> [Instructions for the task] Look in the listing below for the line that has "Ambiente3 mueble salon", then return it and each following line up to and including the one with "Penalba de Santiago, a", exactly and without pictures.

> [Information given]
>>>

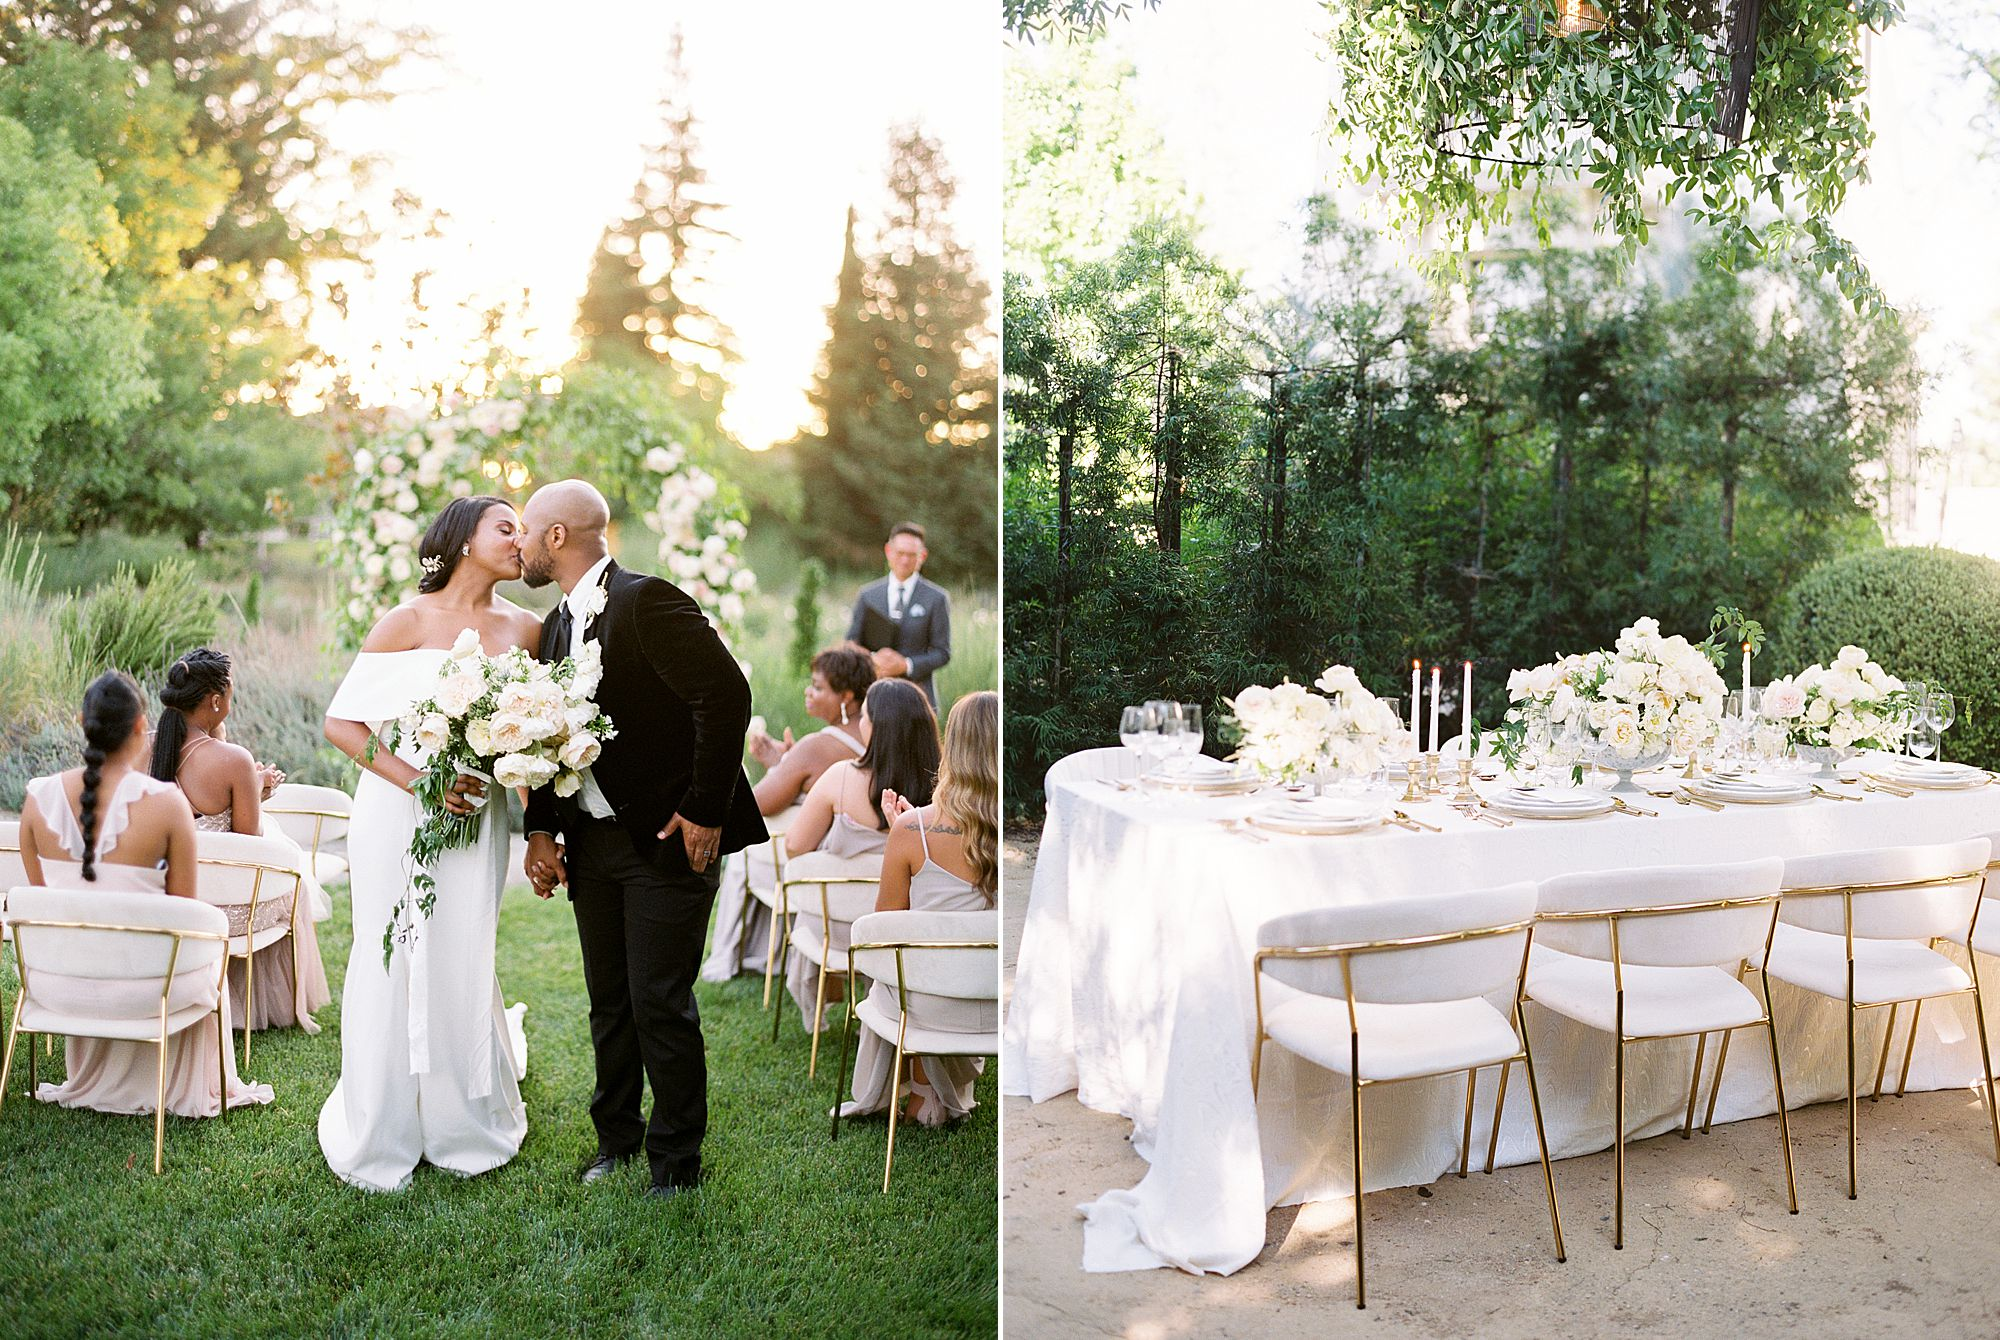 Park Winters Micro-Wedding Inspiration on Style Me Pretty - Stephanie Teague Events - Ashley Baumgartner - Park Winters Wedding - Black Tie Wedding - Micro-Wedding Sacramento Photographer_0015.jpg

<<<
>>>

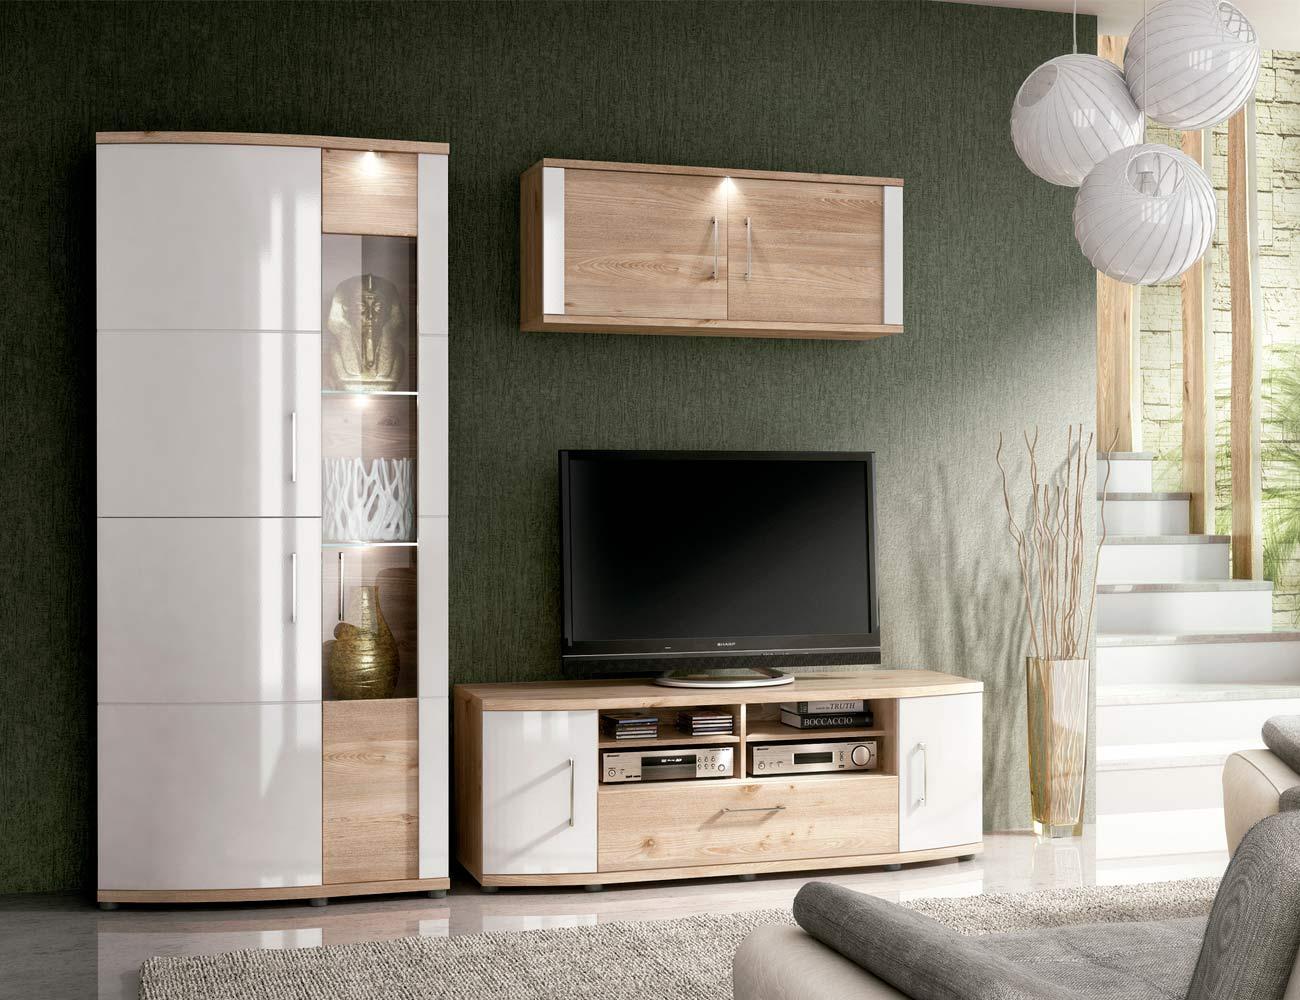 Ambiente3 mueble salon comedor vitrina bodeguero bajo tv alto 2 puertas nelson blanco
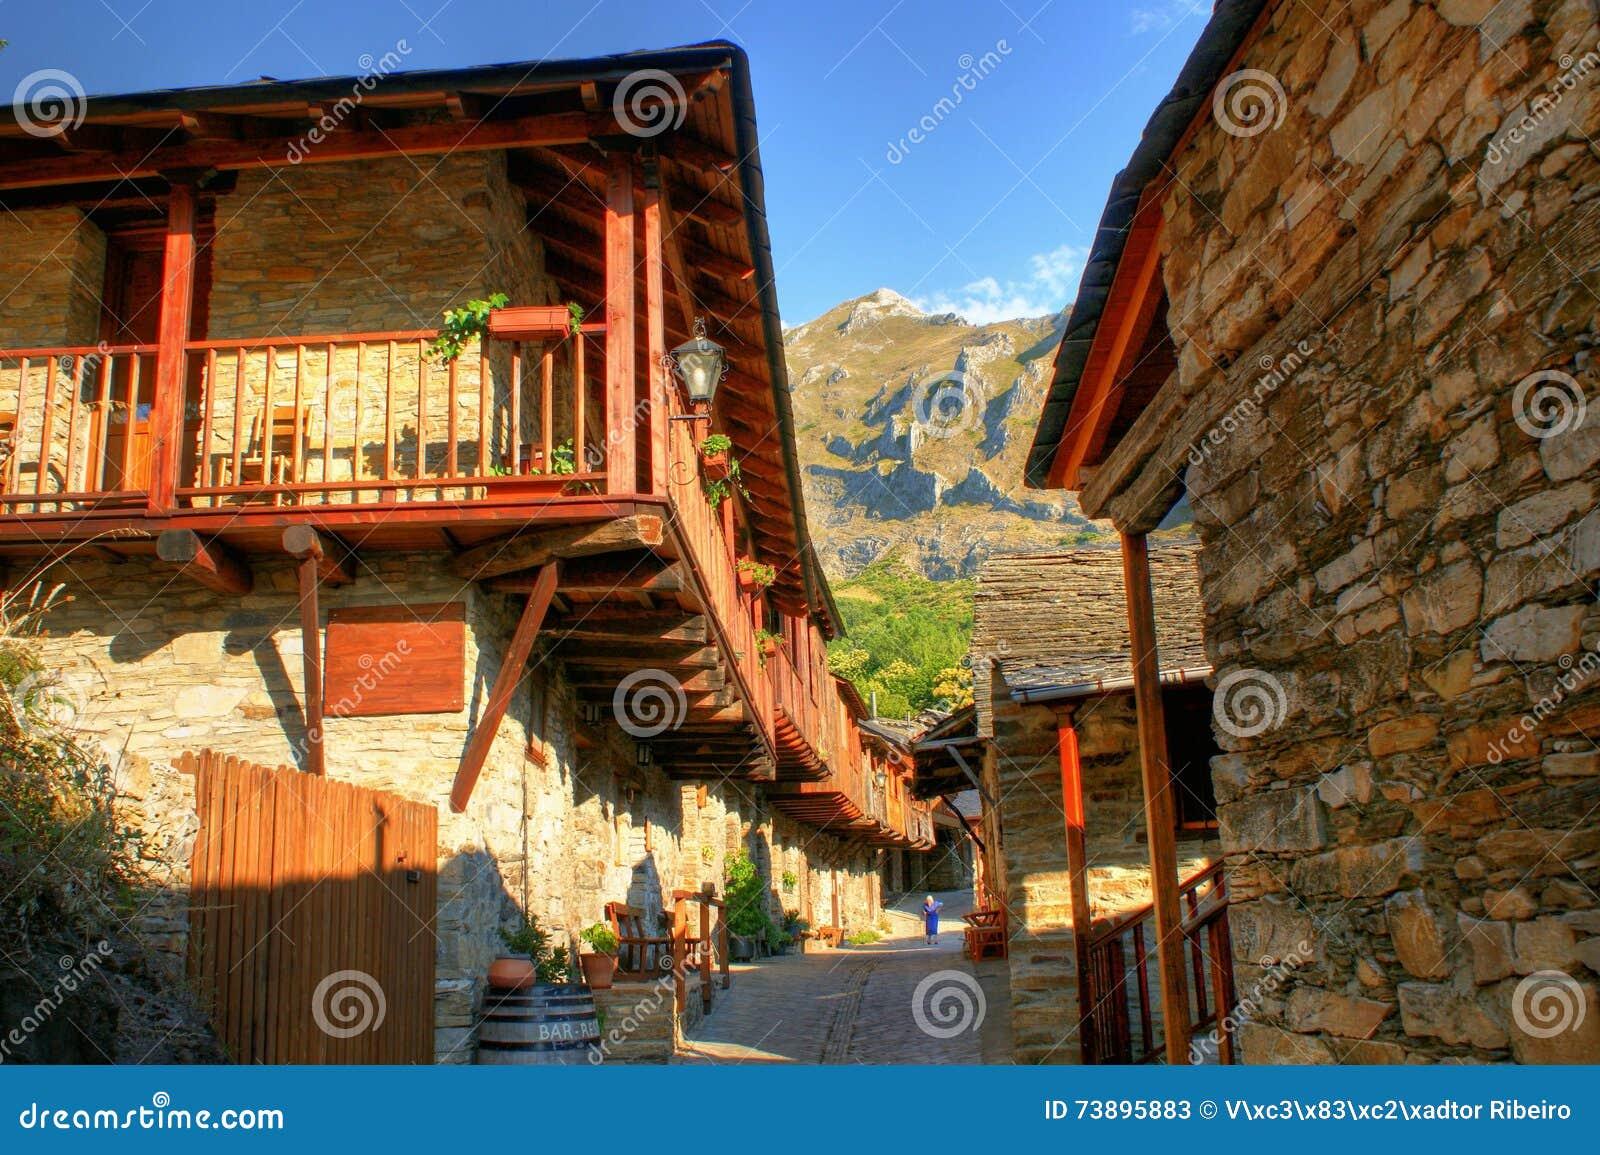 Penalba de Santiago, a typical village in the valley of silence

<<<

> [Exercise answer]
 Ambiente3 mueble salon comedor vitrina bodeguero bajo tv alto 2 puertas nelson blanco
 Penalba de Santiago, a typical village in the valley of silence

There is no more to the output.